Prairie Fire Children’s Theater ready with ‘Dream’

Play within a Play: (Top Row L to R) Amanda Vogel, Ezra Spike, Everett Brown, Leah Menzel, Brennan Veerkamp, Will Rutkowski. (Bottom L to R) Blaine Kral, Layla Larsen, Brielle Evans, and Isabell Longtin practice their final scene in “A Mid-Summer Night’s Dream” in which an amateur theater troupe performs an unusual play featuring a wall and lion.

NEW ULM — What fools these mortals be to attempt a production of “A Mid-Summer Night’s Dream” with less than a week of rehearsal. But that is exactly how The Prairie Fire Children’s Theater (PFCT) operates.

The PFCT began auditions and rehearsal for “A Mid-Summer Night’s Dream” Monday, July 8. The first performance is 7 p.m. Friday, July 12 with a repeat performance 1 p.m. Saturday. Both shows will be held at the New Ulm Public High School. Admission is $2.

The PFCT is a group of youth theater directors who travel to different communities each week to organize a performance in a weeks time. The production is like a weeklong theater boot camp for young thespians.

Students entering grades 3-9 this fall, receive hands-on training for the work it takes to put on a stage production.

The PFCT has visited New Ulm the same week for the last 21 years, but this is the first time New Ulm’s youth actors performed a show based on a Shakespeare play.

“A Midsummer Night’s Dream” is a comedy in which two couples and an acting troupe head into the woods and are manipulated by the fairy folk who live there.

This version has been reworked for children.
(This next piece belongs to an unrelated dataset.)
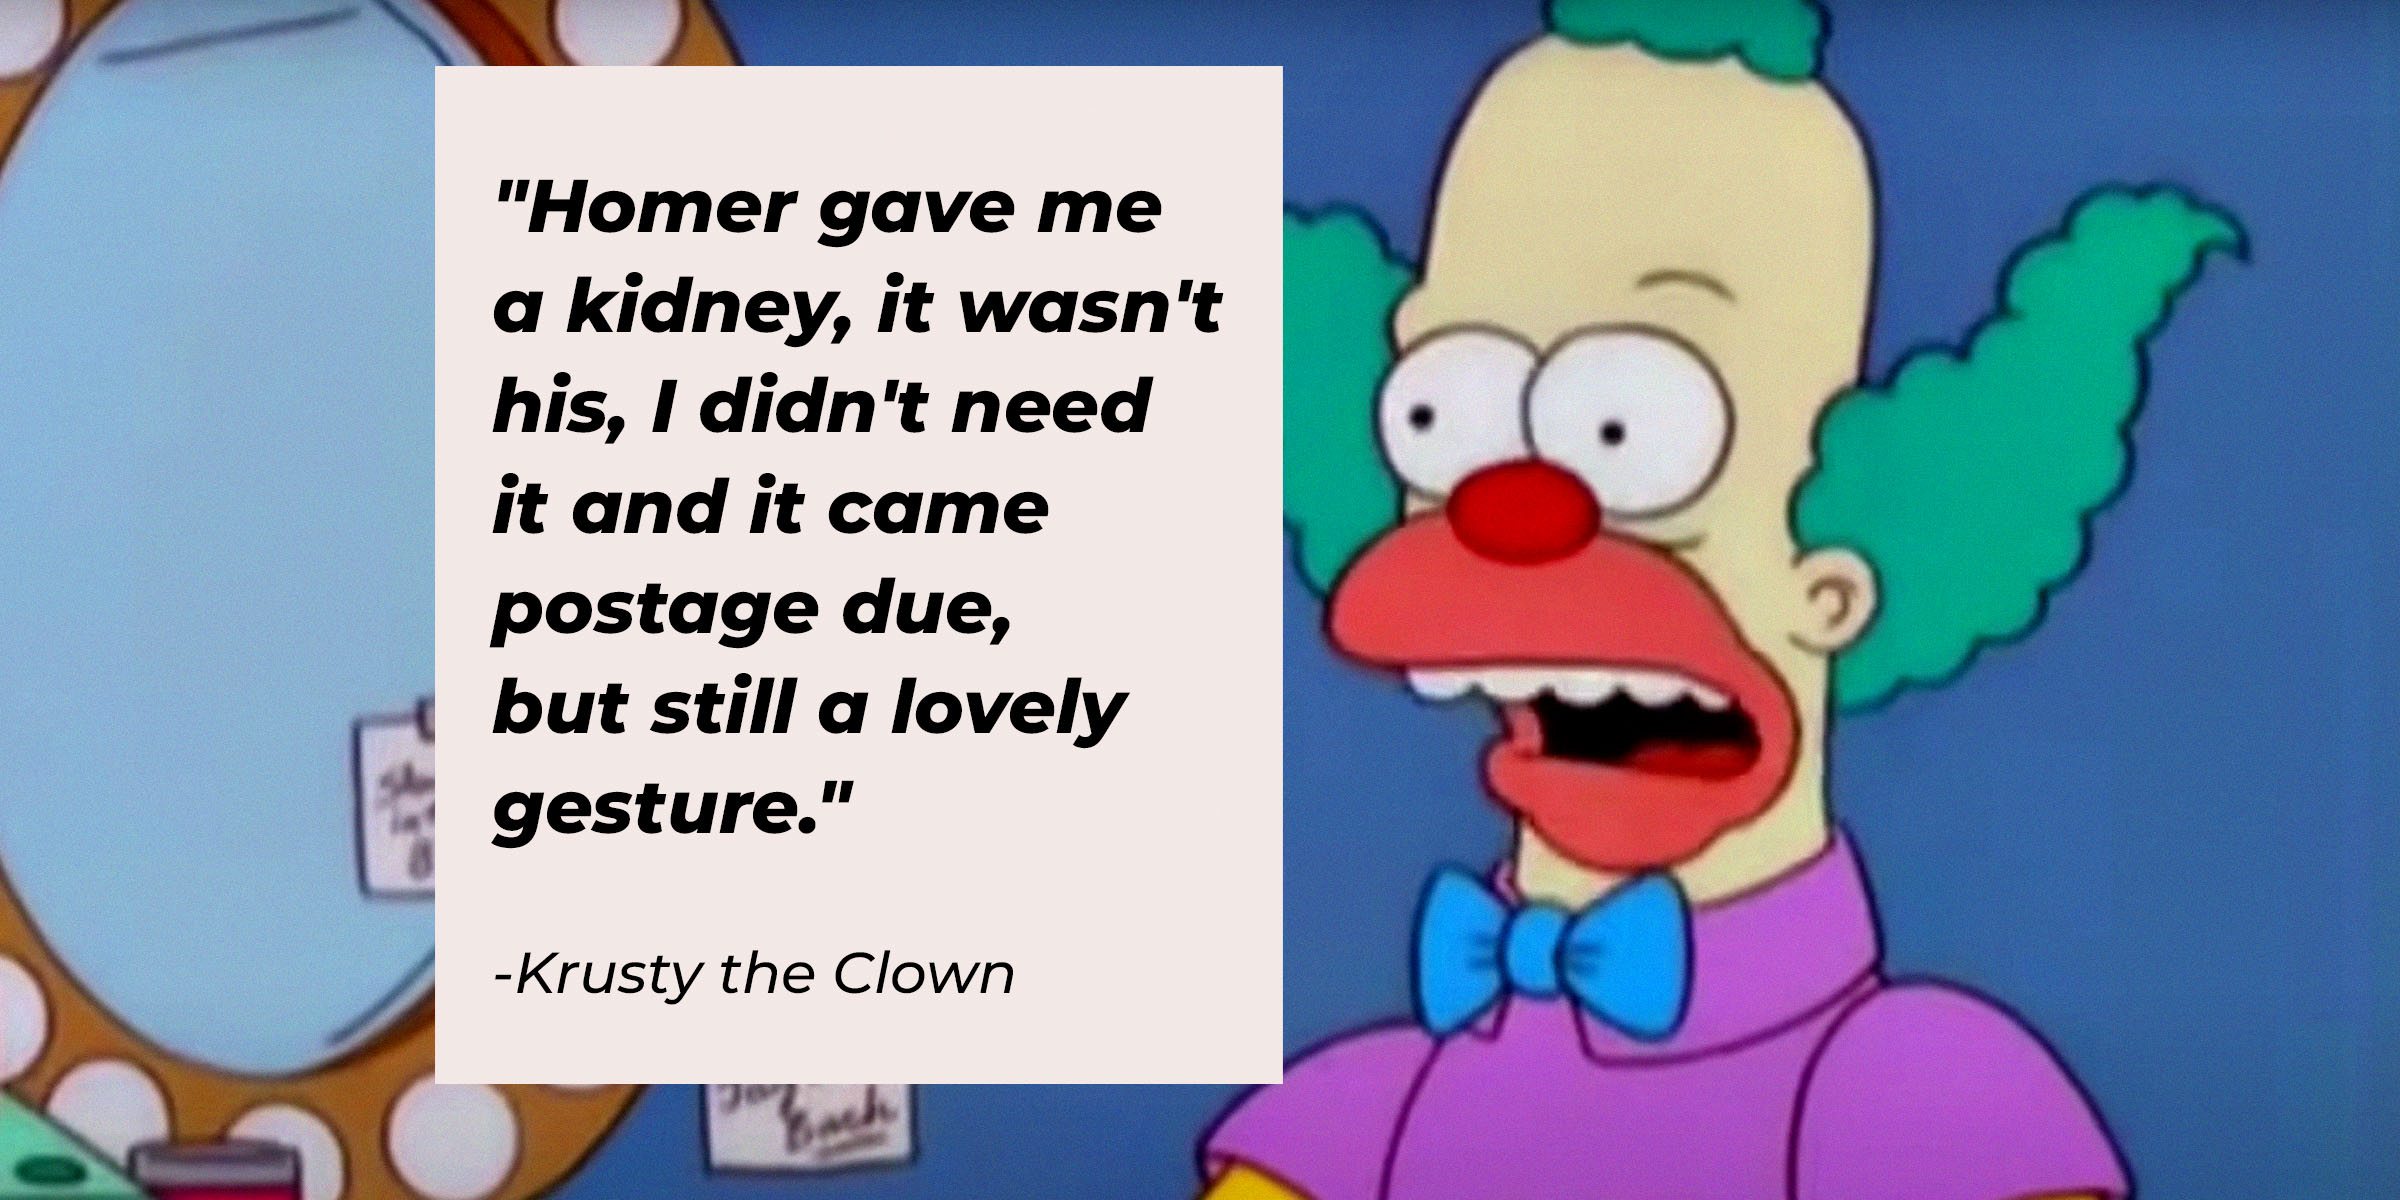 Krust the Clown's quote: "Homer gave me a kidney, it wasn't his, I didn't need it and it came postage due, but still a lovely gesture" | Source: Facebook.com/TheSimpsons

Directors Will Rutkowski and Andi Johnson said the major difference between this production is the story has been modernized.

Healthy Communities Healthy Youth (HCHY) Director Sheldon Rieke praised the PFCT production staff for their work.

“These guys know what they are doing and they know how to present it to the kids,” he said. The students have also proved a quick study of learning the material.

This theater program is presented by United Way of Brown County and Prairie Lakes Regional Arts Council and funded by appropriations from the Minnesota Legislature.